Star of Central Intelligence (currently screening and co-starring Kevin Hart), the actor and semi-retired wrestling superstar Dwayne Johnson (aka The Rock) had an image as all-powerful guy who surely wouldn’t be prey to the worries and troubles of ordinary mortals.  

But underneath the buffed tough guy he showed to the world, Johnson had a chequered career on his climb to the top.

Johnson was once of the great professional wrestlers and top box office draws in wrestling history. He was the first African-American champion of the World Wrestling Federation/Entertainment (WWF/WWE) and had been WWE World Champion 10 times, and won six Triple Crowns.

But life wasn’t always this starry.

Johnson clearly remembers a low point in his life when, at 14, he found an eviction notice pinned on the family home, a week after his mother’s car was repossessed. Decades later, Johnson still remembers the feeling of devastation. 

Not that young Dwayne was an angel—he added to his mother’s woes by getting into fights and mixing with young thugs.

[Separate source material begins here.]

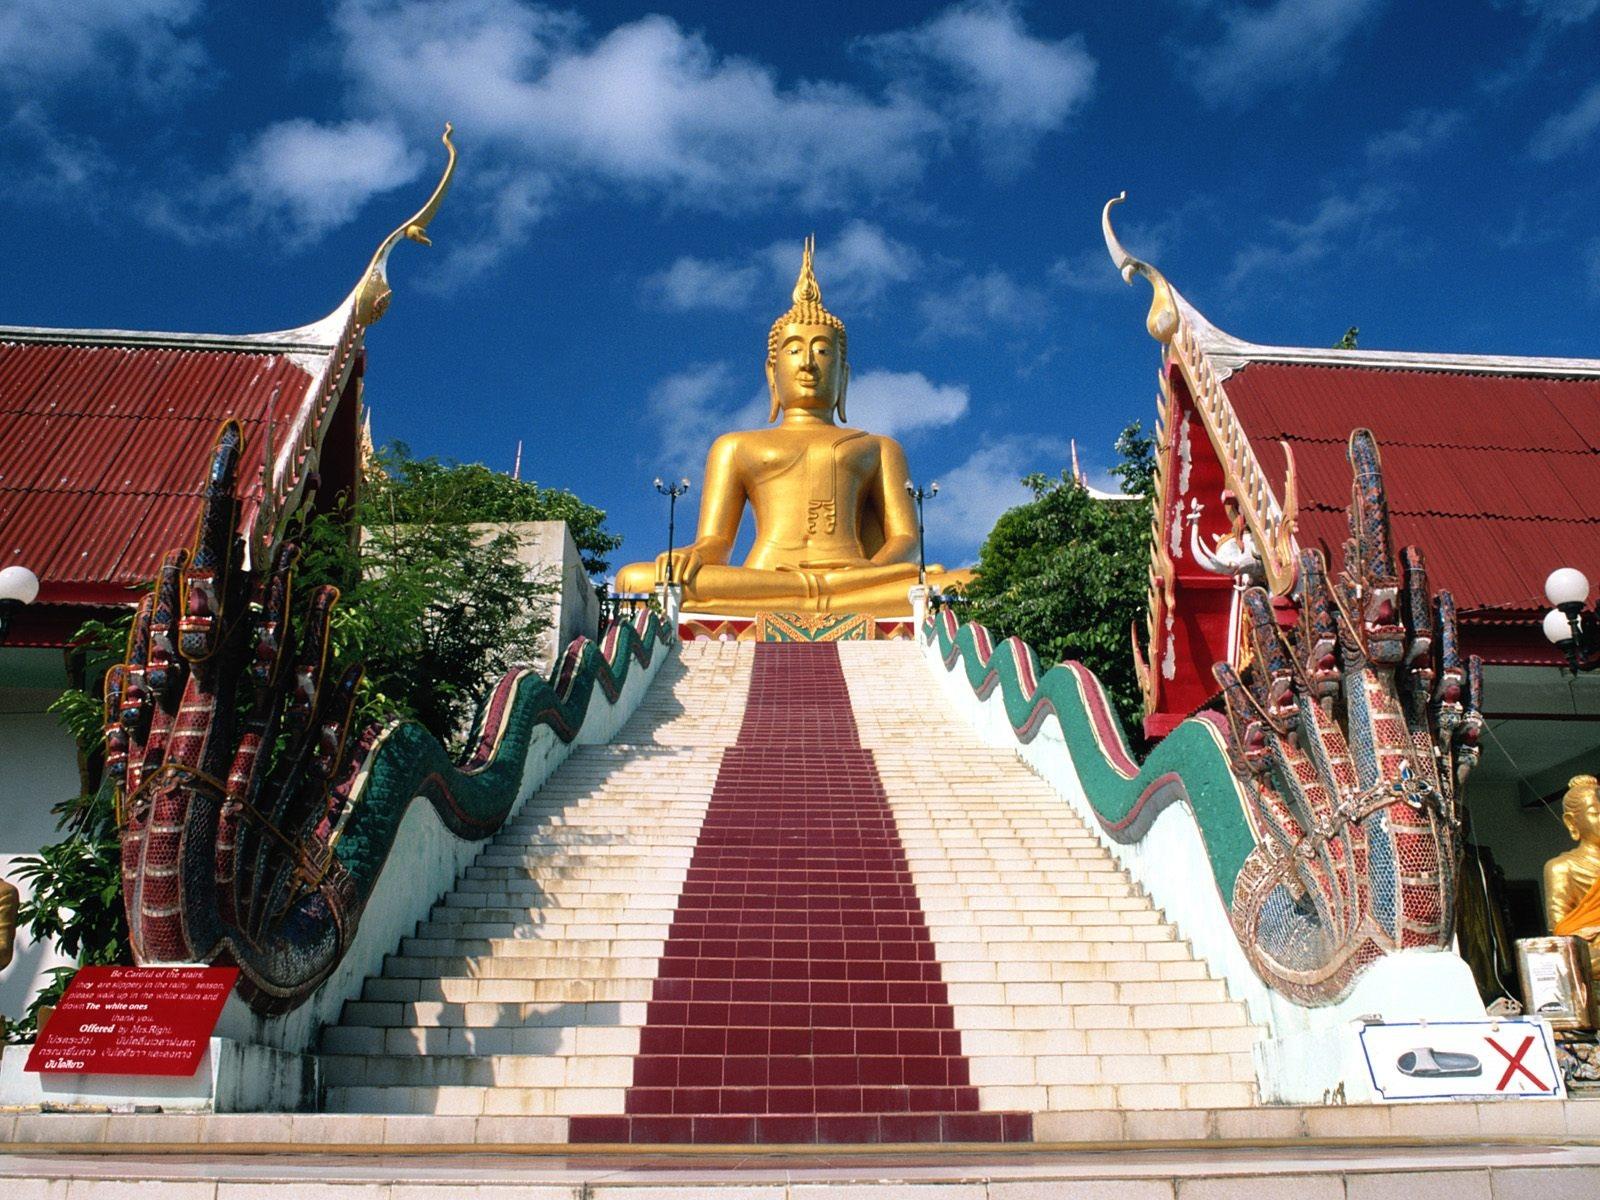 World___Thailand_Buddha_statue_at_a_resort_in_Pattaya__Thailand_061680_

But seeing his mother’s desperation made him determined to do better. All the successful men young Johnson knew were men who built their bodies, so that was the path he took.

Four years later, his training program paid off with a full football scholarship to the University of Miami, where he graduated before being signed by the Canadian Football League’s Calgary Stampeders. But the success didn’t last—he was dropped from the team and suffered depression.

Abandoning football, he reluctantly decided to follow in the footsteps of his wrestler father and grandfather, which led to his own wrestling superstardom.

But depression was set to tag him along the way, and Johnson had to dig deep to find his path out of that and, when he dug, he found faith.

‘I had to put my faith in God and keep going,’ he told Oprah Winfrey’s Master Class series.

‘My faith and family kept me going. I have a special relationship with God and I count my blessings every day,’ he said.

Johnson’s advice to other depression sufferers comes straight from his own experience.

‘I found that with depression, one of the most important things is to realise is that you’re not alone. Have faith that on the other side of your pain is something good,’ he urges.

Johnson likes Christian rap music, and he is on YouTube performing ‘Peace in the Storm’, which includes the lyrics ‘God has given me gifts so I can be a blessing for someone else’—a sentiment with which few of us would argue.

Johnson has also always been generous in giving time to fans—he holds the Guinness World Record for the most ‘selfies’ in three minutes, taking 105 selfies with fans during the film premiere of San Andreas in London last year.